What happens if you connect a diode with an inductor in series?

[engineheat]

Suppose a 5V battery powers the circuit. Assume the inductor is ideal, will current just rise with a rate given by:  L (di/dt) = 5 - diode voltage drop?

I'm a bit confused on whether the diode will be forward biased in this case. What if the voltage drop across the inductor is 5V? Is that possible?

[kalel]

Do you mean something like this?

http://tinyurl.com/y779udtw

Here everything is ideal however and the power source is not a battery but an ideal voltage source

That said, I have no idea if the simulation can answer your questions, just wondering if that's the right configuration.

[Chalcogenide]

Depends on the amount of ideality of the components.
If we were to use the "ideal" diode, with 0 voltage drop, the voltage across the inductor would be 5V and the current would rise at a rate (5 V)/L A/s forever.
If we were to use the "turns on at 0.7V" diode, then the current would rise indefinitely forever at a rate (4.3 V)/L A/s.
If we were to use the exponential equation of the diode I = Is*exp(V/mKT) the current would ultimately be limited by the condition I=Is*exp((5 V)/mKT) because as the current rises, also the voltage across the diode increases, reducing the potential difference across the inductor, thus slowing the rate of increase of the current, and eventually an equilibrium will be reached with a constant current flowing through the circuit.

[T3sl4co1l]

Current ramps up, and yes, the diode will be forward biased.  At t < 0, the diode's junction voltage is undefined (you didn't give initial conditions); if we assume zero initial voltage and current, then: the junction voltage will start at zero, and charge up as the inductor begins to draw current.  Later, the diode voltage saturates to Vf (the DC value, given as a function of current), as it goes into conduction proper.

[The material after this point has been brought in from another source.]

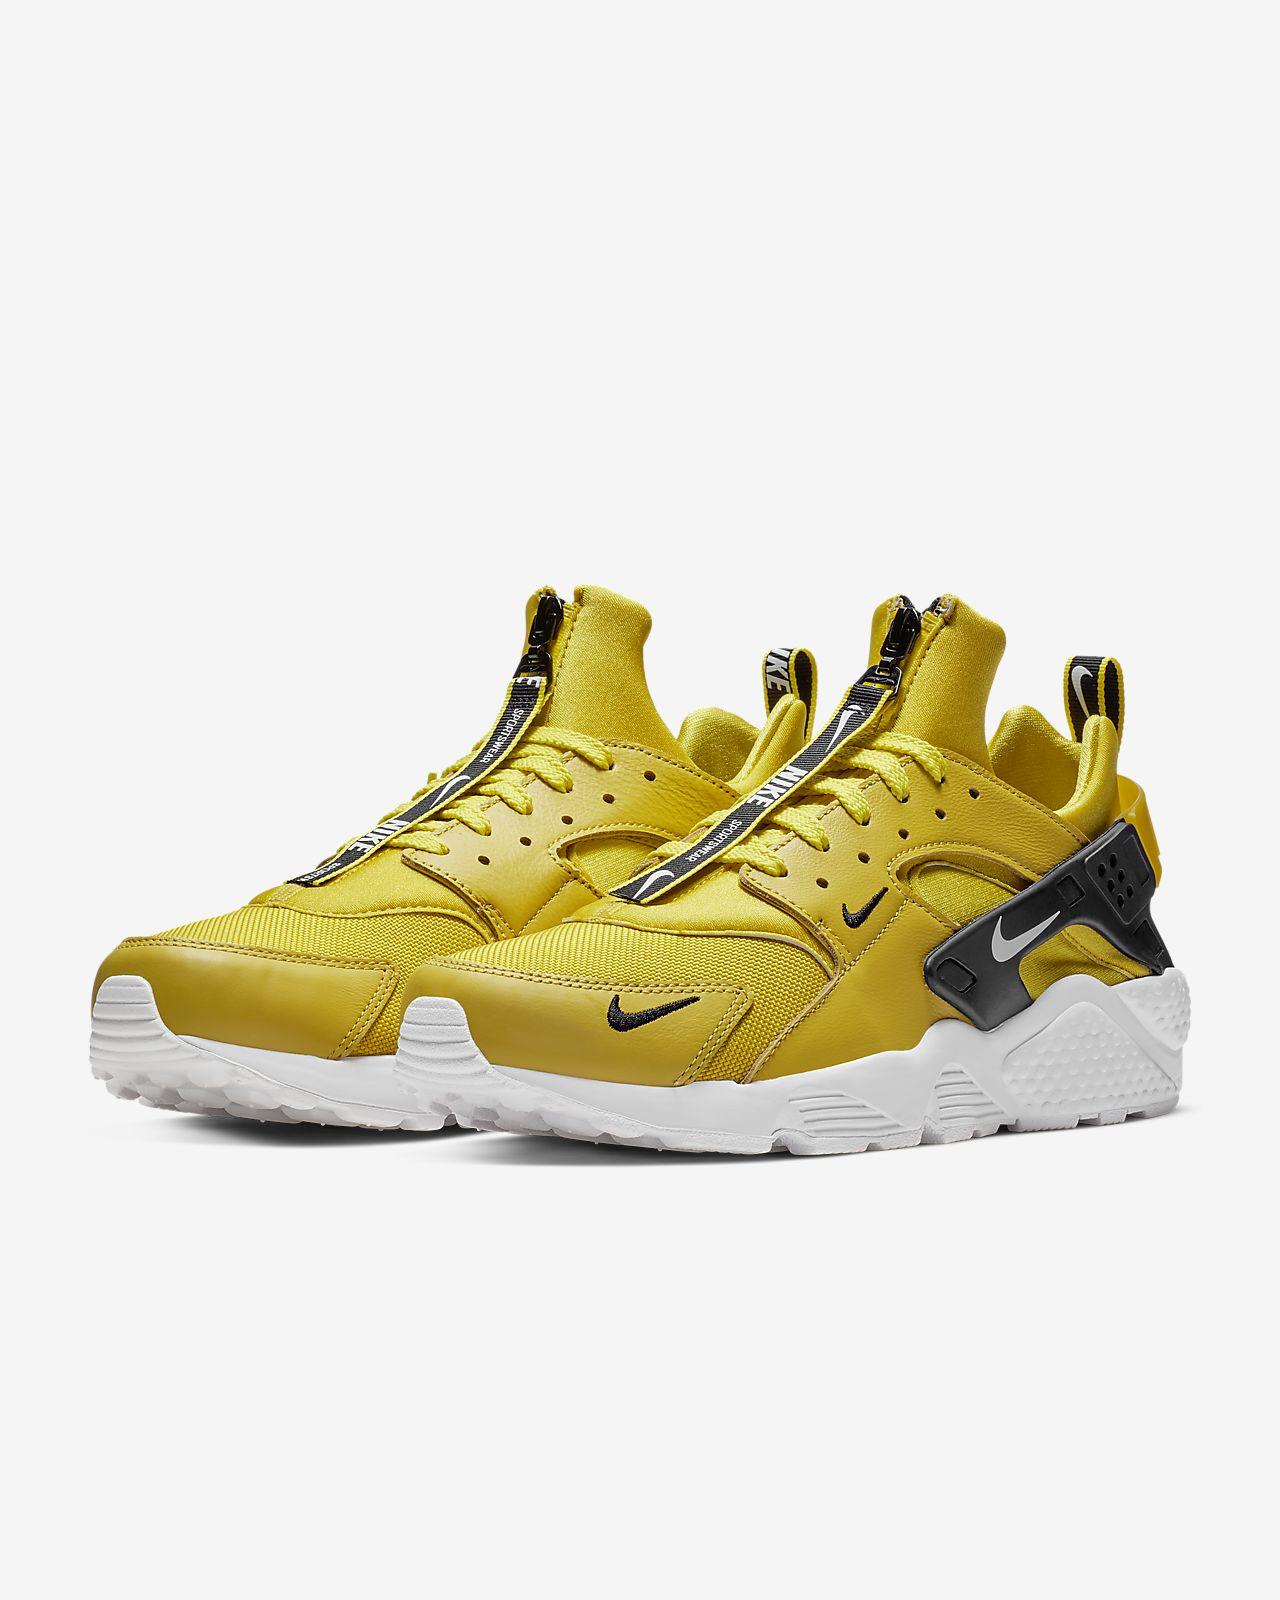 brand new 62df1 27d3c ... Nike Air Huarache Run Premium Zip Men s Shoe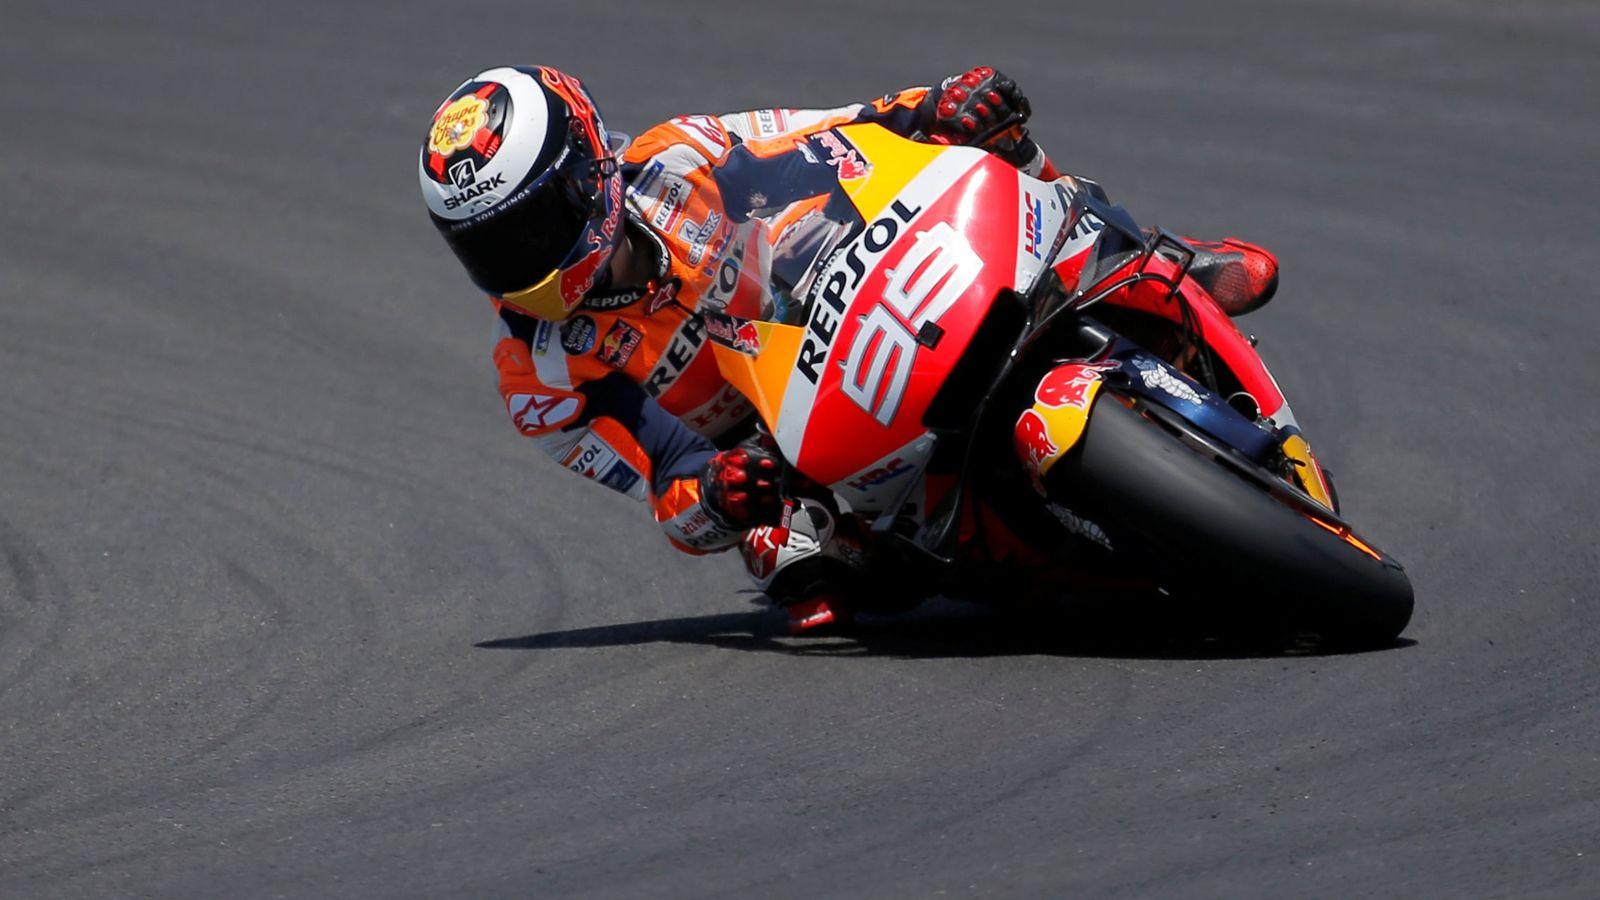 Foto: Jorge Lorenzo, durante el Gran Premio de Jerez. (Reuters)

If the inductor and diode are ideal, and Vf << (5V supply), then the diode voltage will be a pretty nice logarithm, and the current will be a linear ramp.  (Well, okay, for an ideal diode -- with no junction capacitance -- the diode forward voltage will appear immediately, without taking time to charge the capacitance.)

In a real circuit, with resistance, the current will saturate, according to the L/R time constant, and the diode voltage as well.  As \$t \rightarrow \infty\$, the system reaches steady state.

The voltage drop across the inductor, at t = 0, will be exactly 5V, because Vf(If = 0) = 0.  The derivative of Vf and If depends on capacitance: if capacitance is zero, the derivatives are undefined at t = 0.  If nonzero, all derivatives exist, and the first derivative is zero.  I think?

Clear as mud?

Tim

[engineheat]

Current ramps up, and yes, the diode will be forward biased.  At t < 0, the diode's junction voltage is undefined (you didn't give initial conditions); if we assume zero initial voltage and current, then: the junction voltage will start at zero, and charge up as the inductor begins to draw current.  Later, the diode voltage saturates to Vf (the DC value, given as a function of current), as it goes into conduction proper.

If the inductor and diode are ideal, and Vf << (5V supply), then the diode voltage will be a pretty nice logarithm, and the current will be a linear ramp.  (Well, okay, for an ideal diode -- with no junction capacitance -- the diode forward voltage will appear immediately, without taking time to charge the capacitance.)

In a real circuit, with resistance, the current will saturate, according to the L/R time constant, and the diode voltage as well.  As \$t \rightarrow \infty\$, the system reaches steady state.

The voltage drop across the inductor, at t = 0, will be exactly 5V, because Vf(If = 0) = 0.  The derivative of Vf and If depends on capacitance: if capacitance is zero, the derivatives are undefined at t = 0.  If nonzero, all derivatives exist, and the first derivative is zero.  I think?

Clear as mud?

Tim

The "Vf" is the 0.7V voltage drop common in a lot of real diodes in forward biased mode right? I really like how you analyzed t<0 and t=0, it really makes sense. The "the junction voltage will start at zero, and charge up as the inductor begins to draw current" really clarifies how things work. thanks

[T3sl4co1l]

Yes, Vf is the forward voltage.  It's not actually "0.7V" of course, but a function of current; it's a shallow function, though, so that at most currents (~mA to ~A), for silicon PN diodes, it's in the 0.5-1.0V range.

Cheers,
Tim